Thanks to all for the answers. After looking more into this, I think I found a method that works for me. I thought I describe it here. 

The idea is to use `ListPlot3D` with `DataRange->All`. But to use this, I needed to modify my data structure a little to make each entry in the list as `{x,time,u(x,t)}`. Not a big problem for me to do that.

Here is an animation of some made up function in time, showing the 3D view of the solution in time with the normal 2D view on the side.
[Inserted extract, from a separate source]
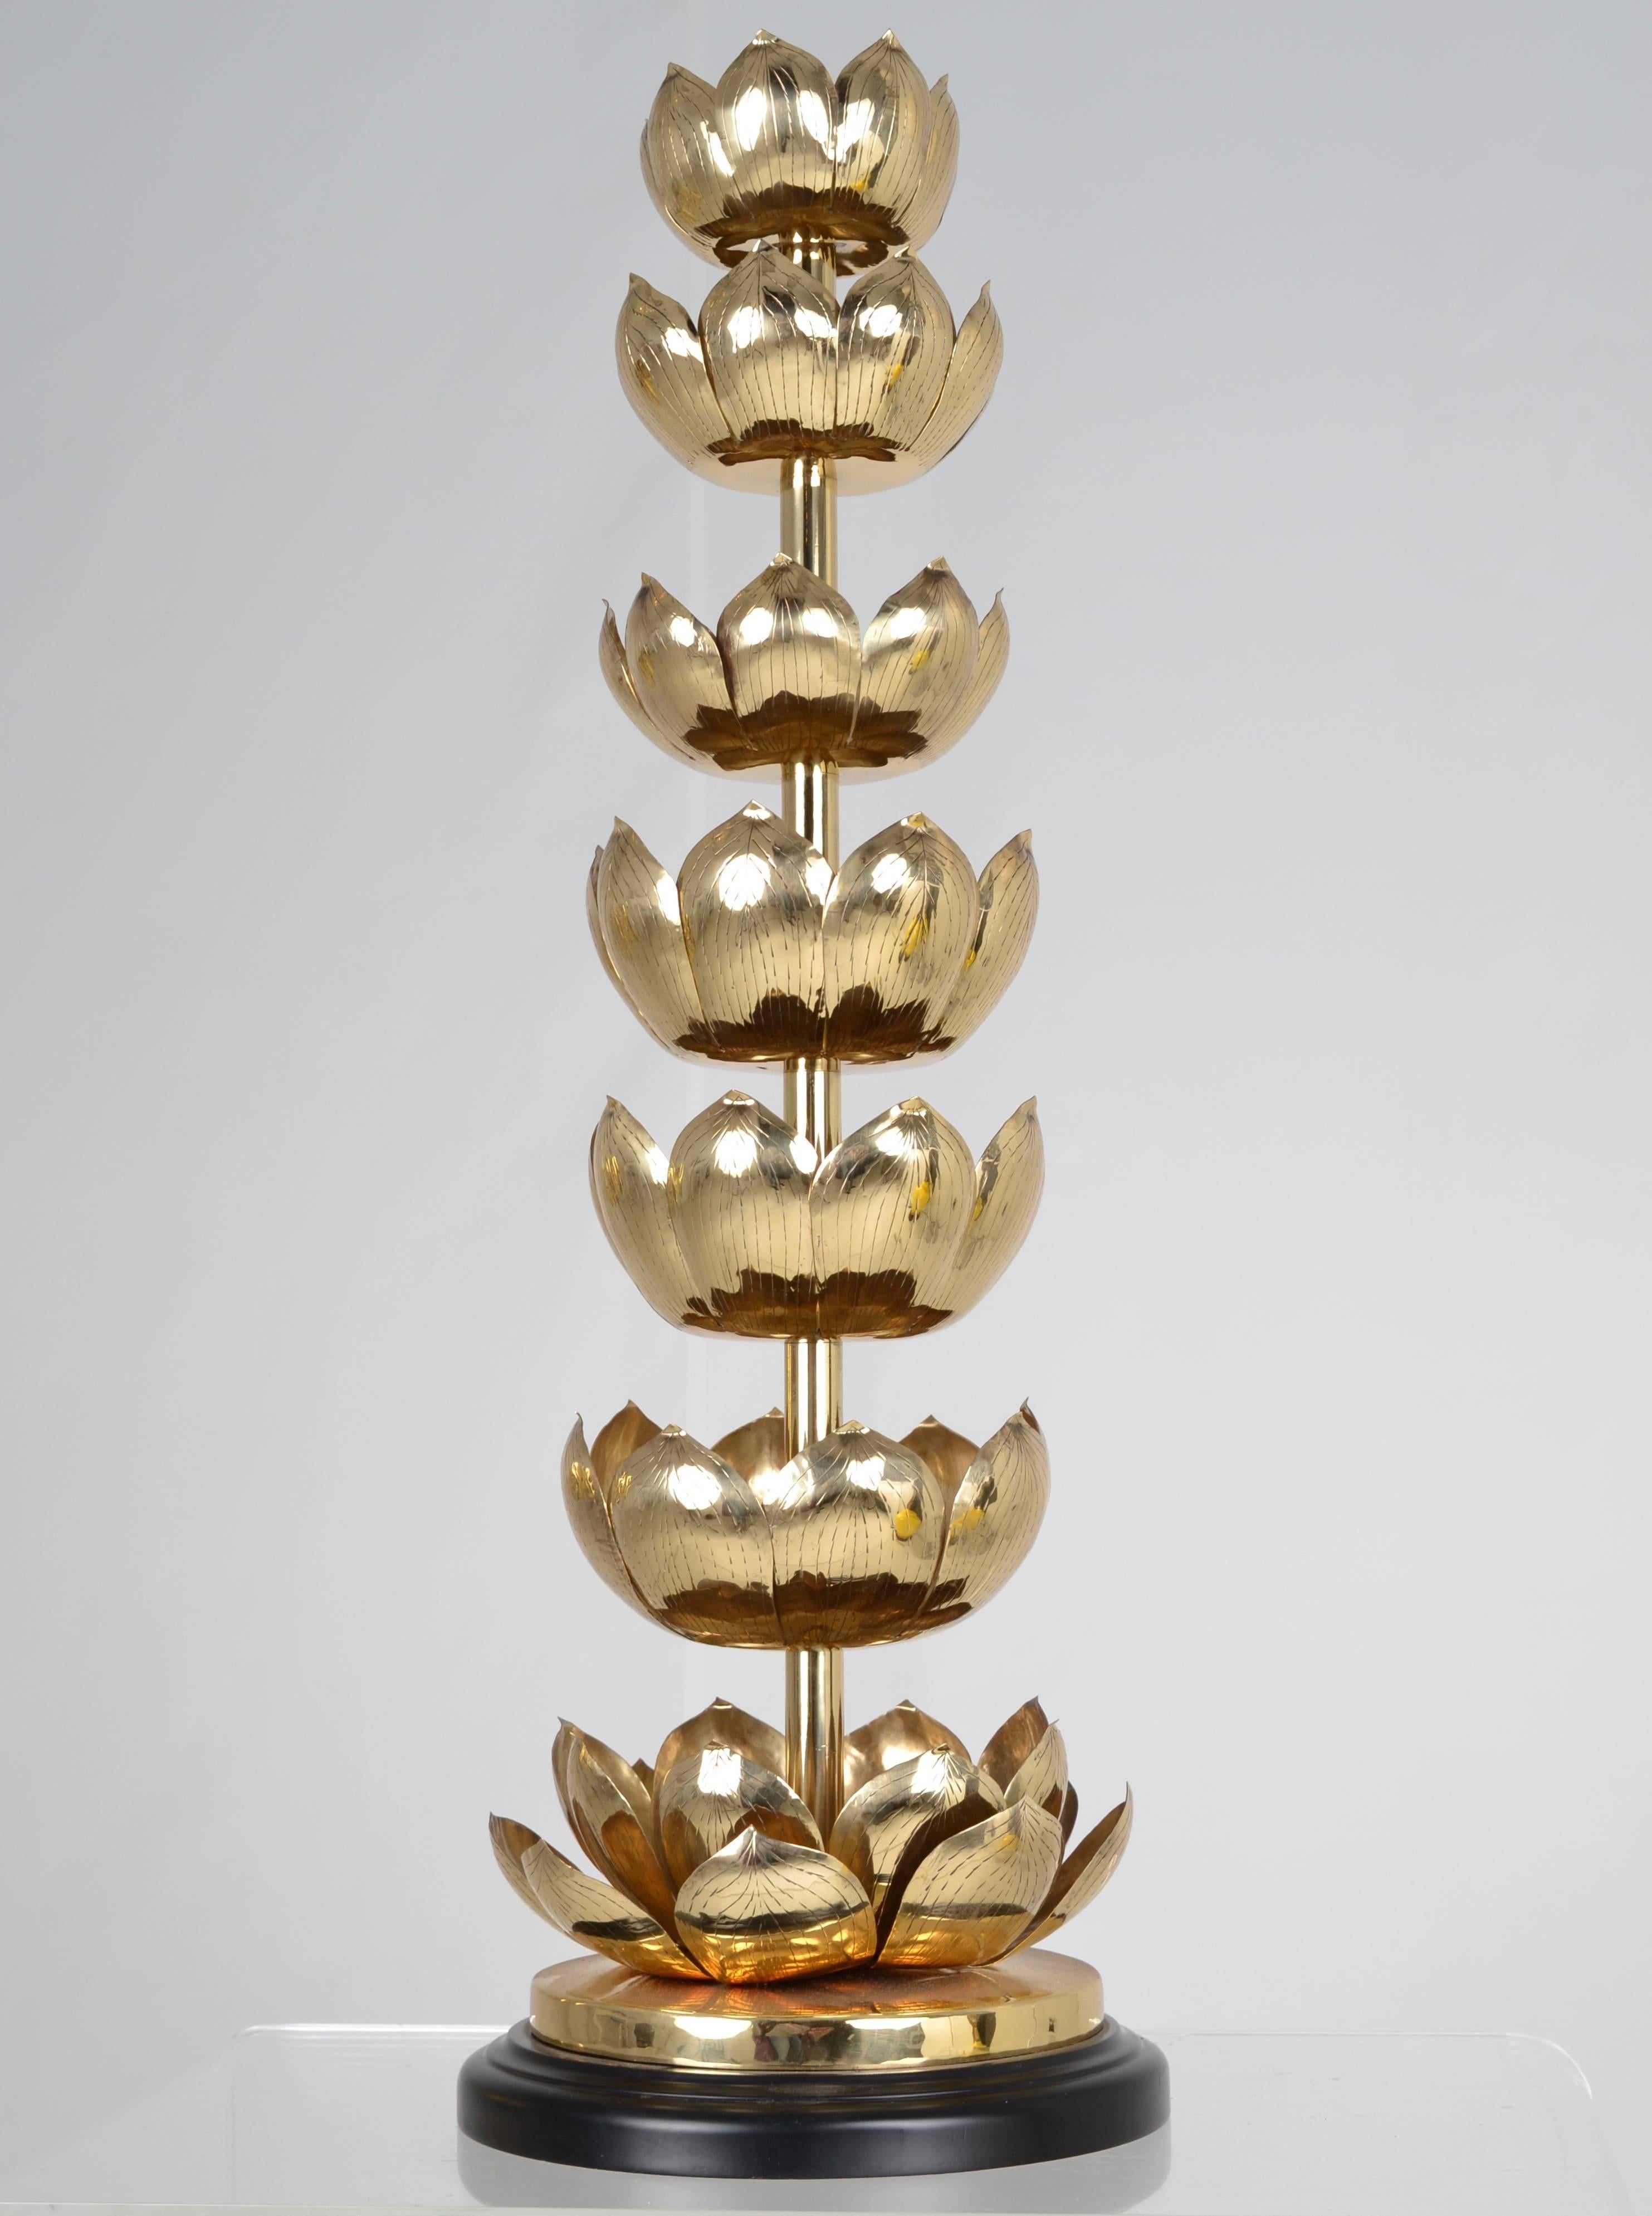 This dramatic candlestick in the Classic lotus flower motif is solid brass, newly polished and lacquered. Simple black base. Great size at 32 inches high and 11 inches diameter.

Below that I post the example code which generated this:

![enter image description here][1]

and the code (just for illustration of the method)

make up the data

    1 = .05;
    f2 = .2;
    simulationTime = 20;
    u = N@Table[ 
        Table[{x, t, Exp[-.01 t] Cos[f1 t x ] Sin[ f2 t x ]}, {x, -2 Pi, 
          2 Pi, .2}], {t, 0, simulationTime, .1}];

do the animation

    Grid[{
      {
       Animate[ListPlot3D[u[[1 ;; i]],
         AxesLabel -> {"x", "time", "u(x,t)"},
         PlotLabel -> Row[{"u(x,t) at time ", u[[i]][[1, 2]], " sec"}],
         MaxPlotPoints -> 10,
         PlotRange -> {{-2 Pi, 2 Pi}, {0, simulationTime}, {-1, 1}},
         DataRange -> All,
         PerformanceGoal -> "Quality",
         Mesh -> Automatic
         ], {i, 2, Length[u], 1}
        ]
       ,
       Animate[ListPlot[u[[i, All, {1, 3}]],
         AxesLabel -> {"x", 
           Row[{"u(x) at time ", u[[i]][[1, 2]], " sec"}]},
         PlotRange -> {{-2 Pi, 2 Pi}, {-1, 1}},
         Joined -> True,
         Mesh -> All
         ], {i, 2, Length[u], 1}
        ]
       }
      }]



  [1]: https://i.sstatic.net/5UVGe.gif